Jakarta Selatan – Selebgram Lula Lahfah ditemukan meninggal dunia di apartemennya pada Jumat (23/1) sekitar pukul 18.44 WIB. Polisi masih menyelidiki penyebab kematiannya.
Tidak ada tanda penganiayaan. Polisi menemukan obat-obatan dan surat rawat jalan dari RSPI.
Berikut fakta terbaru terkait meninggalnya Lula Lahfah:
Reza Arap mendatangi apartemen Lula setelah mendapat kabar duka. Hal ini diketahui dari keterangan saksi.

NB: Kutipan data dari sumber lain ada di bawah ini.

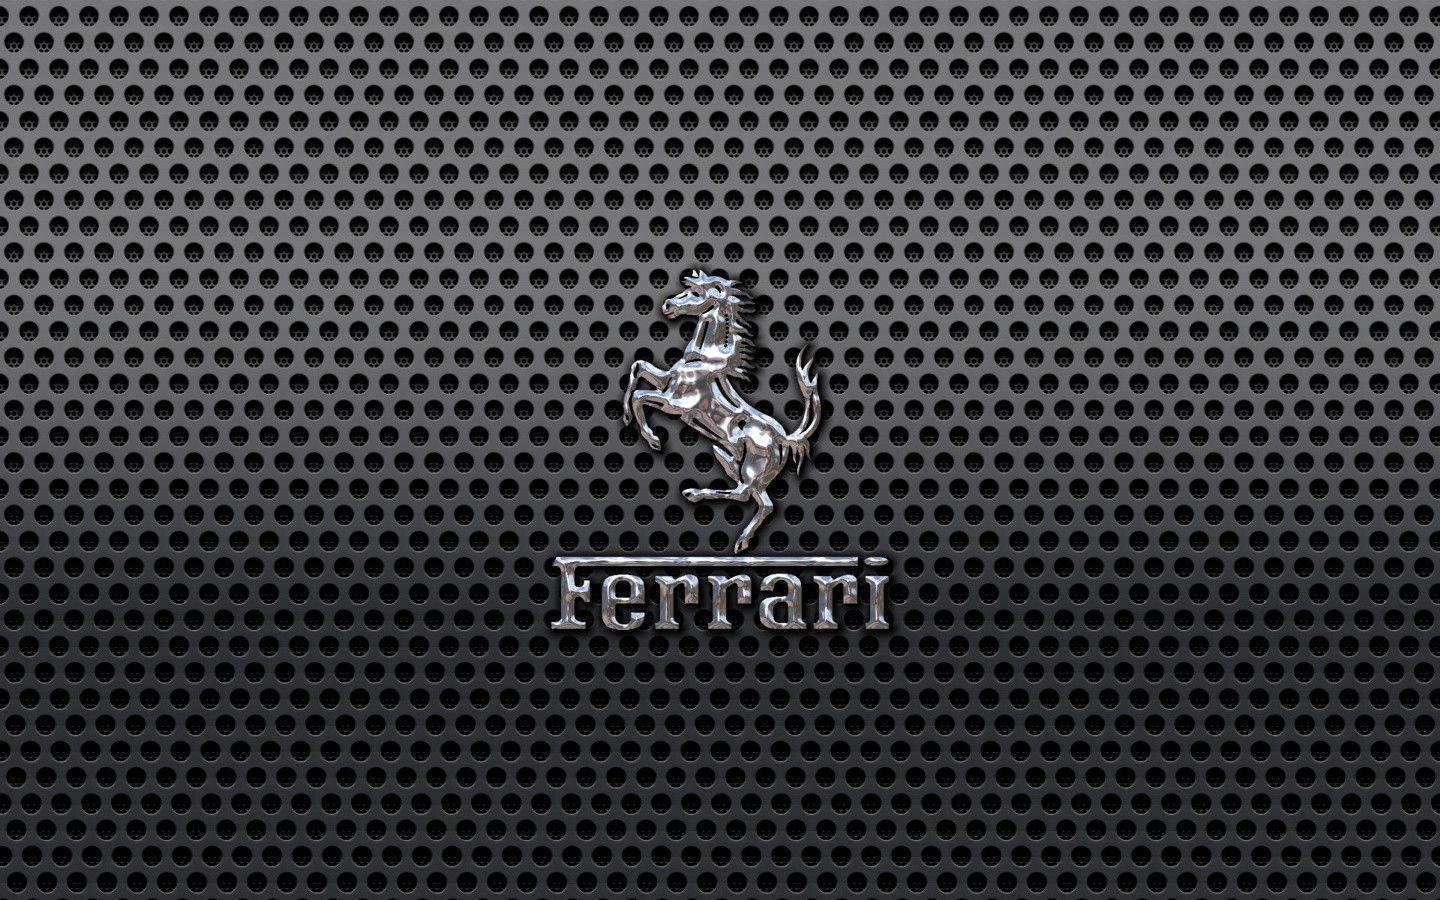 Metal Ferrari Logo Wallpaper For Desk Wallpaper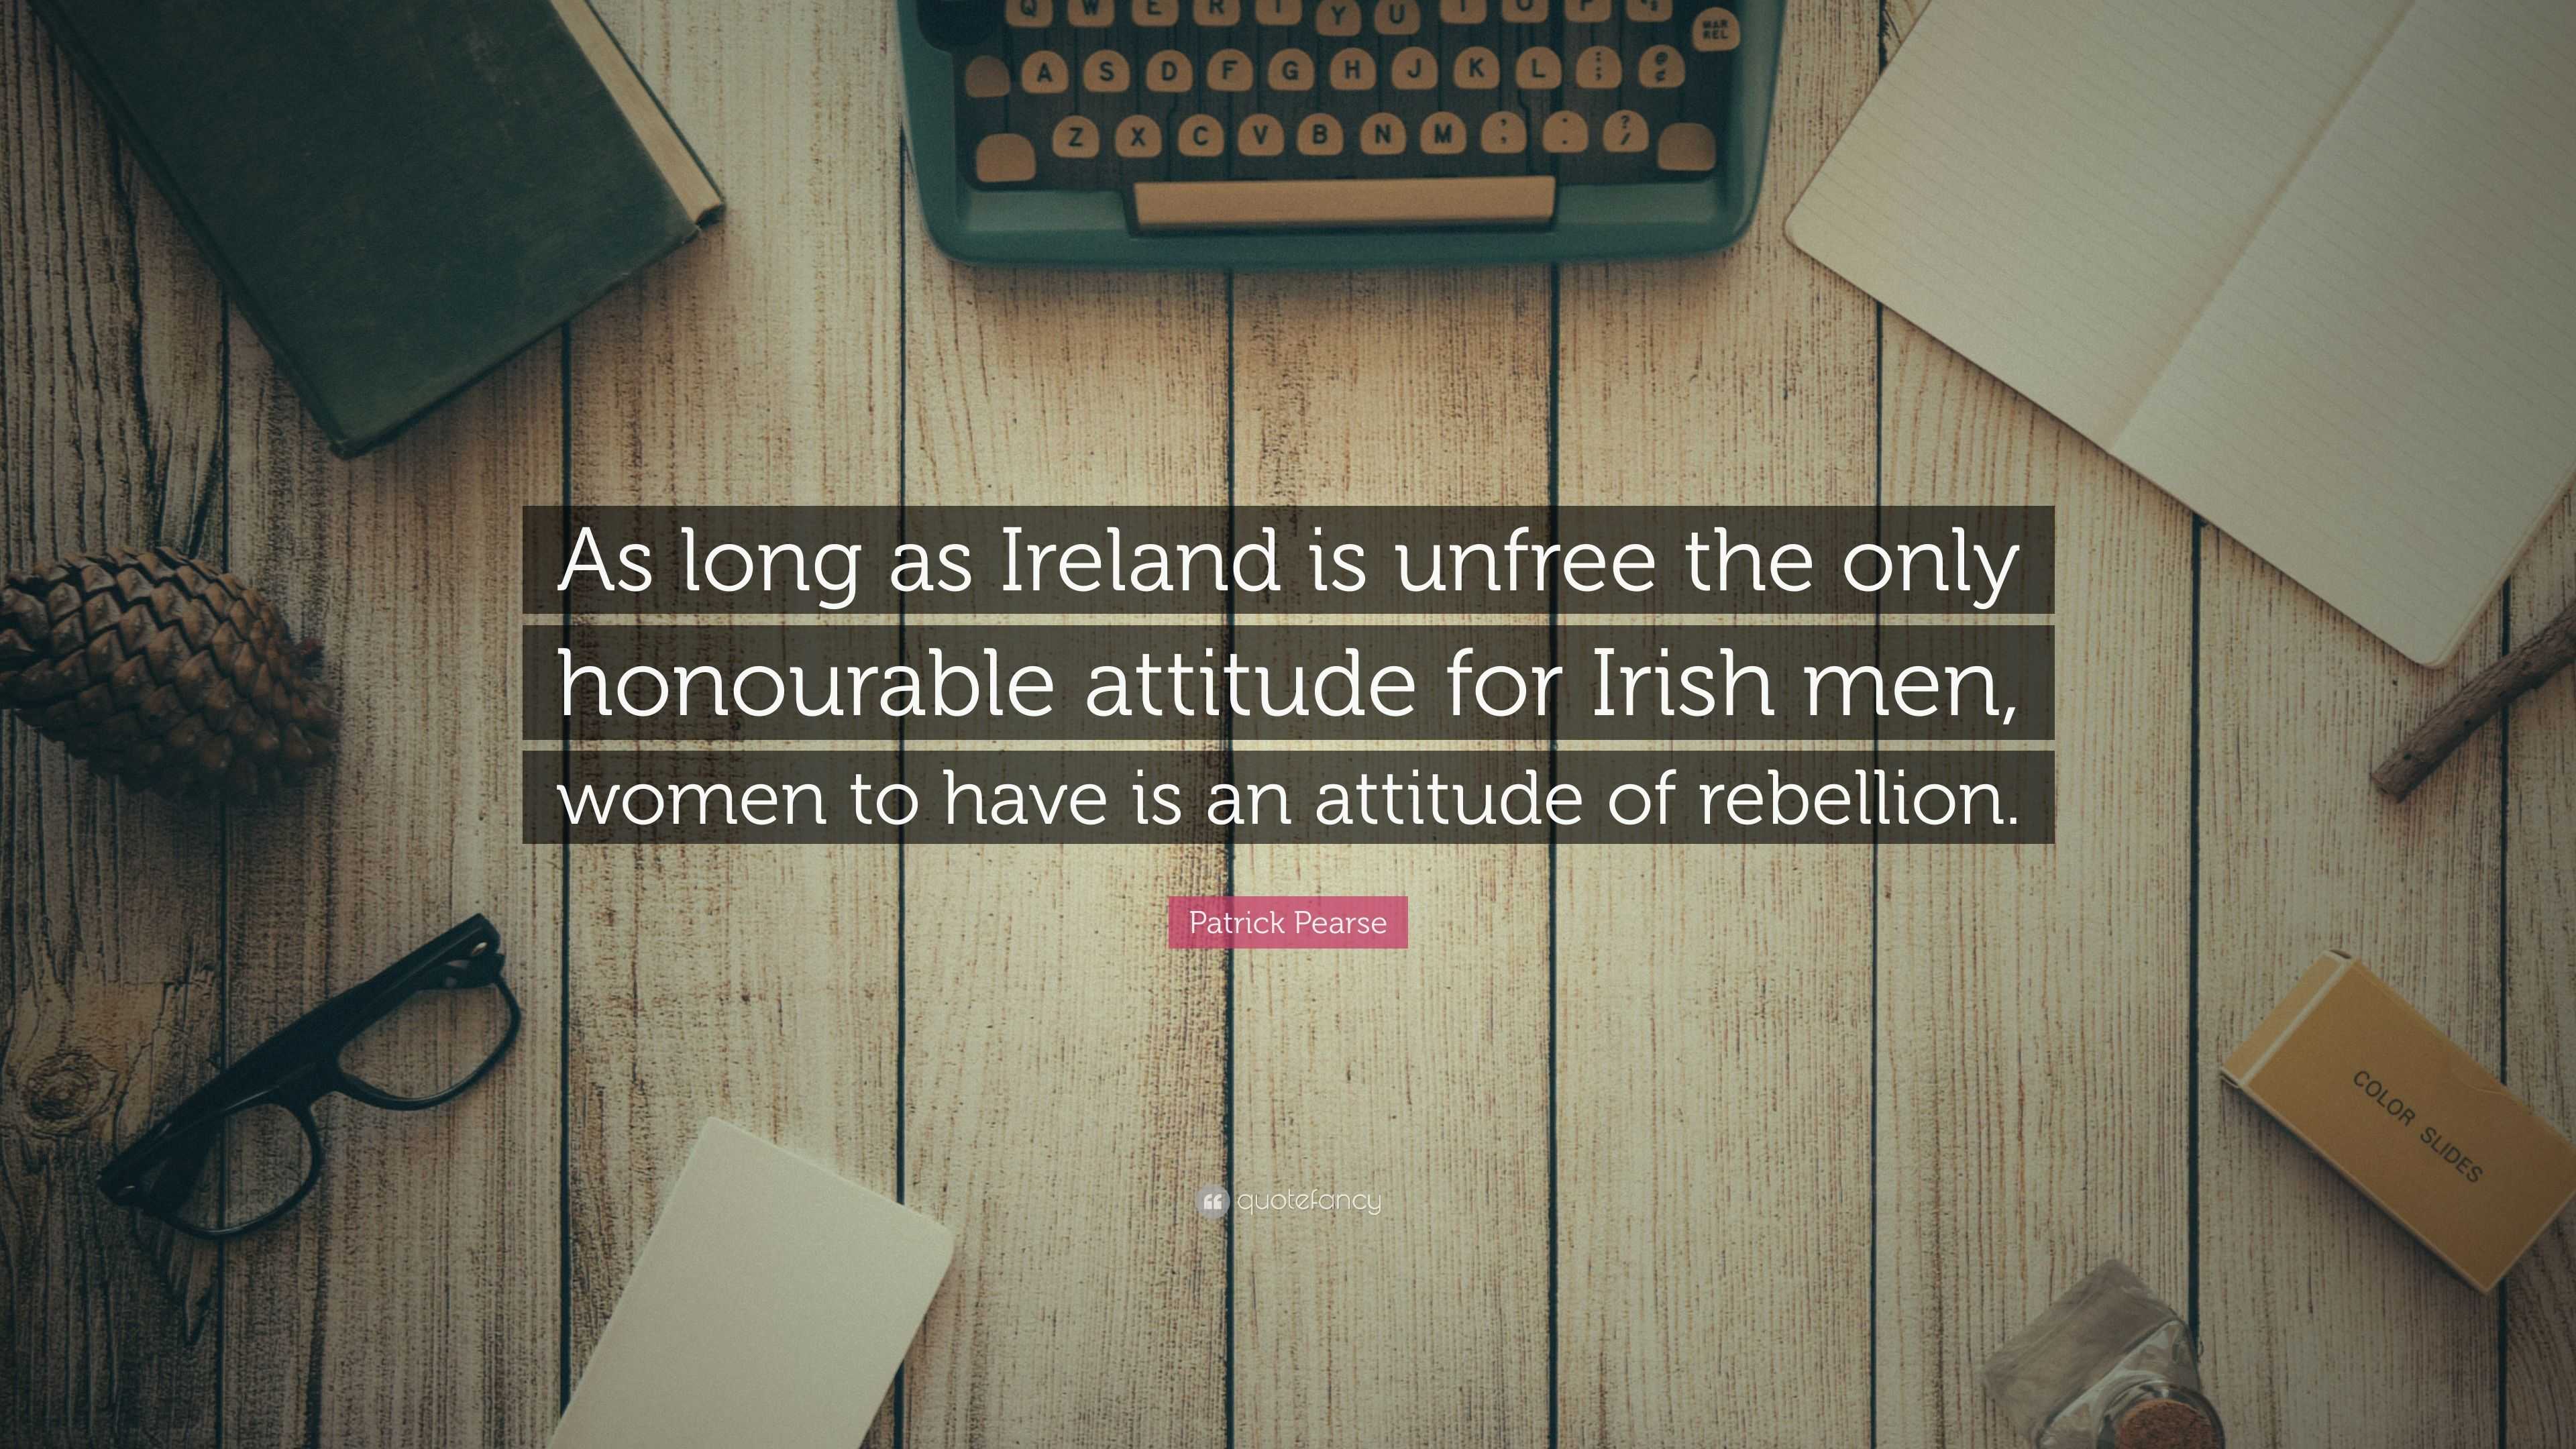 irish men quotes

“(Keterangan) satu saksi dia (Reza Arap) hadir di TKP pada saat diinfokan meninggal,” kata Kasat Reskrim Polres Metro Jakarta Selatan.
Informasi ini masih didalami polisi.
Polisi memeriksa Reza Arap untuk menyelidiki kematian Lula. Pemeriksaan berlangsung sekitar empat jam, mulai pukul 23.00 WIB hingga 03.46 WIB.
“(Ada) 30 pertanyaan (yang diberikan),” ucap Kasat Reskrim Polres Metro Jakarta Selatan.
Total ada enam saksi yang diperiksa. Polisi juga meminta klarifikasi dari rumah sakit terkait riwayat kesehatan Lula.
ART Lula mengaku sempat mendengar Lula mengerang kesakitan sebelum ditemukan meninggal.
Menurut ART, Lula pulang ke apartemen pada Kamis (22/1) sekitar pukul 22.00 WIB. Sekitar pukul 02.00 WIB, ART mendengar suara erangan.
“Terus jam 2 dini hari, ART mendengar dia kayak kesakitan. Setelah itu jam 9 atau jam 10 pagi bangun diketok-ketok kamar nggak dibuka,” kata Kabid Humas Polda Metro Jaya.
Lula sempat menjalani operasi batu ginjal. “Almarhum itu habis operasi batu ginjal ya, tanggalnya lagi dicek ke RSPI, habis operasi batu ginjal, sama asam lambung akut,” ujar Kabid Humas Polda Metro Jaya.